Could you transcribe all of the data exactly and skip any pictures?

→ Collected material:
■ ■ ■

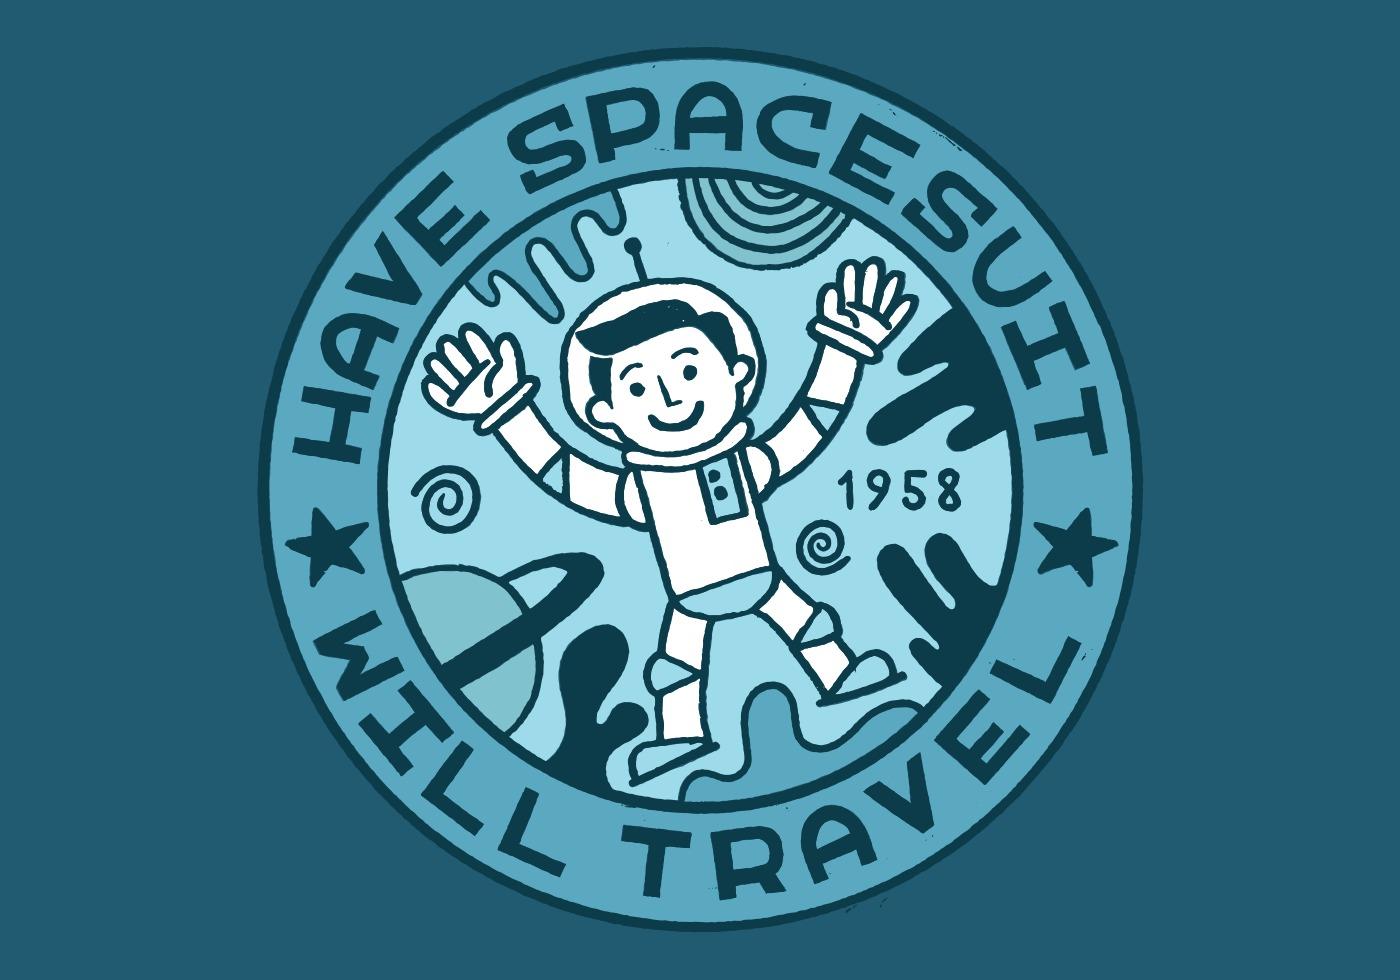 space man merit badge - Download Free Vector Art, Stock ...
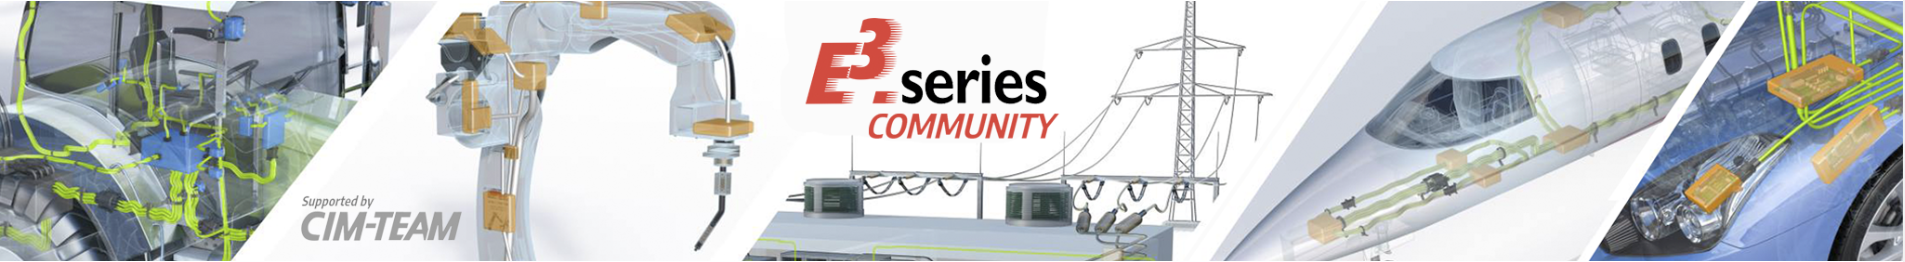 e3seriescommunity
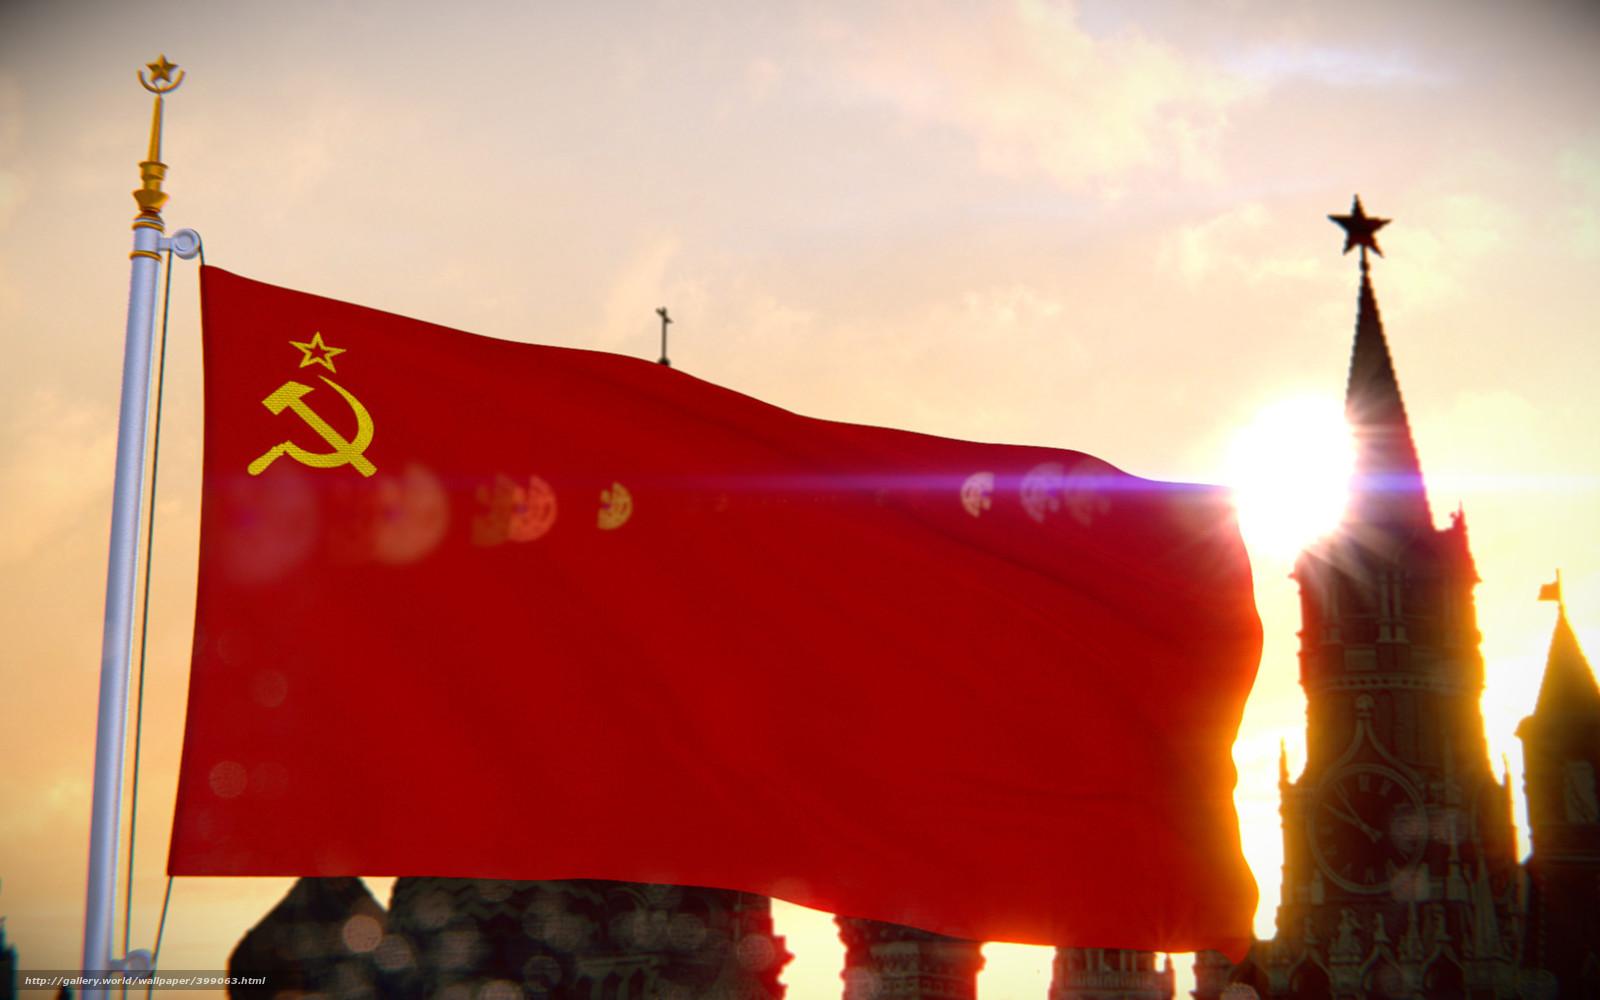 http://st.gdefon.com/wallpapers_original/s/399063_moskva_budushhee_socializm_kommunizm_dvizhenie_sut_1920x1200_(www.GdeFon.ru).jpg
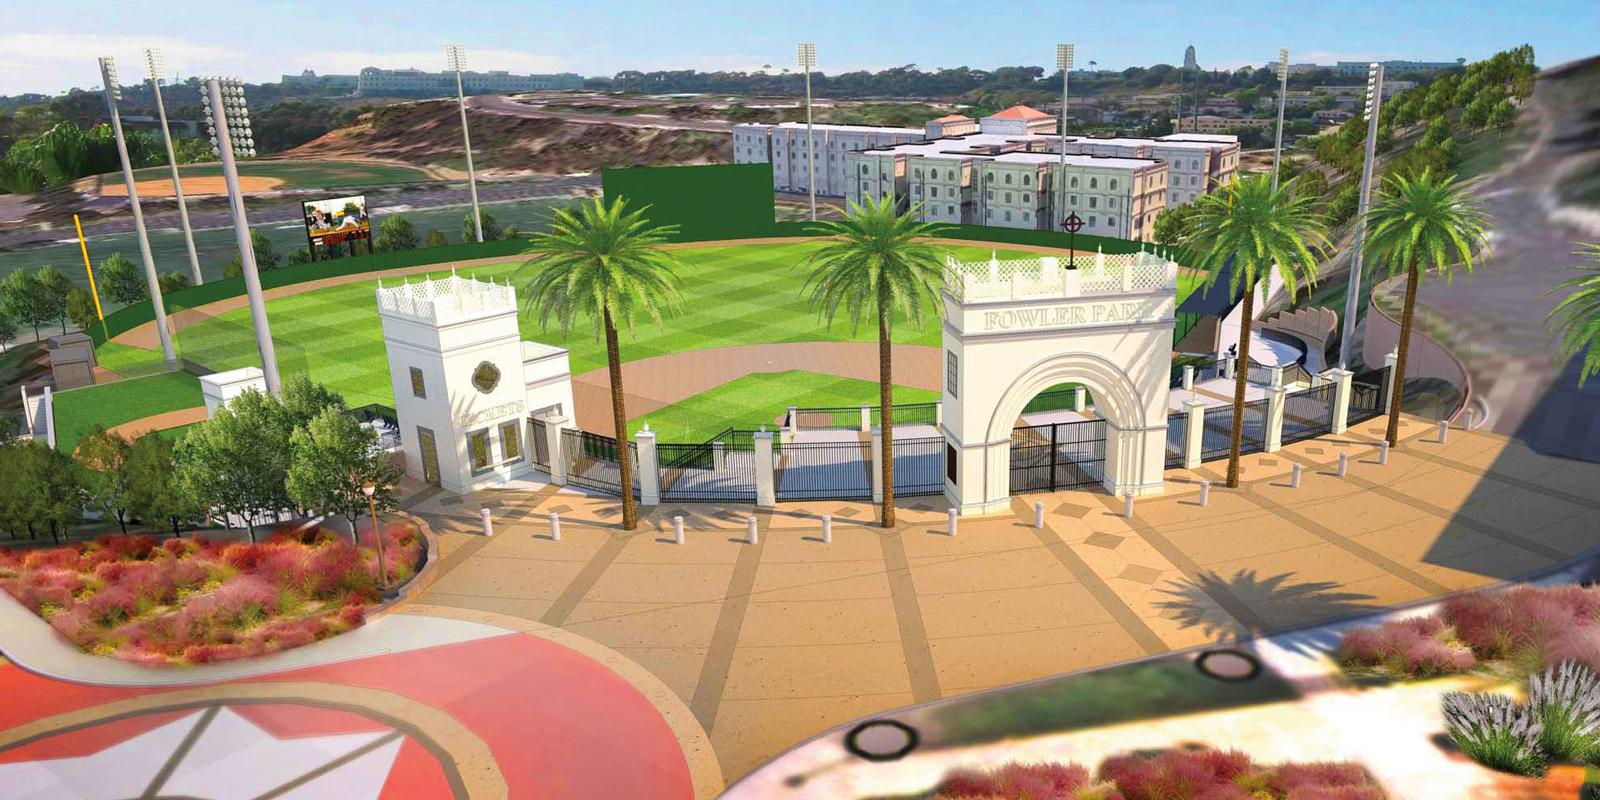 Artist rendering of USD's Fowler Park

■ ■ ■

→ Written answer:
 space man merit badge - Download Free Vector Art, Stock ...
 e3seriescommunity
 http://st.gdefon.com/wallpapers_original/s/399063_moskva_budushhee_socializm_kommunizm_dvizhenie_sut_1920x1200_(www.GdeFon.ru).jpg
 Artist rendering of USD's Fowler Park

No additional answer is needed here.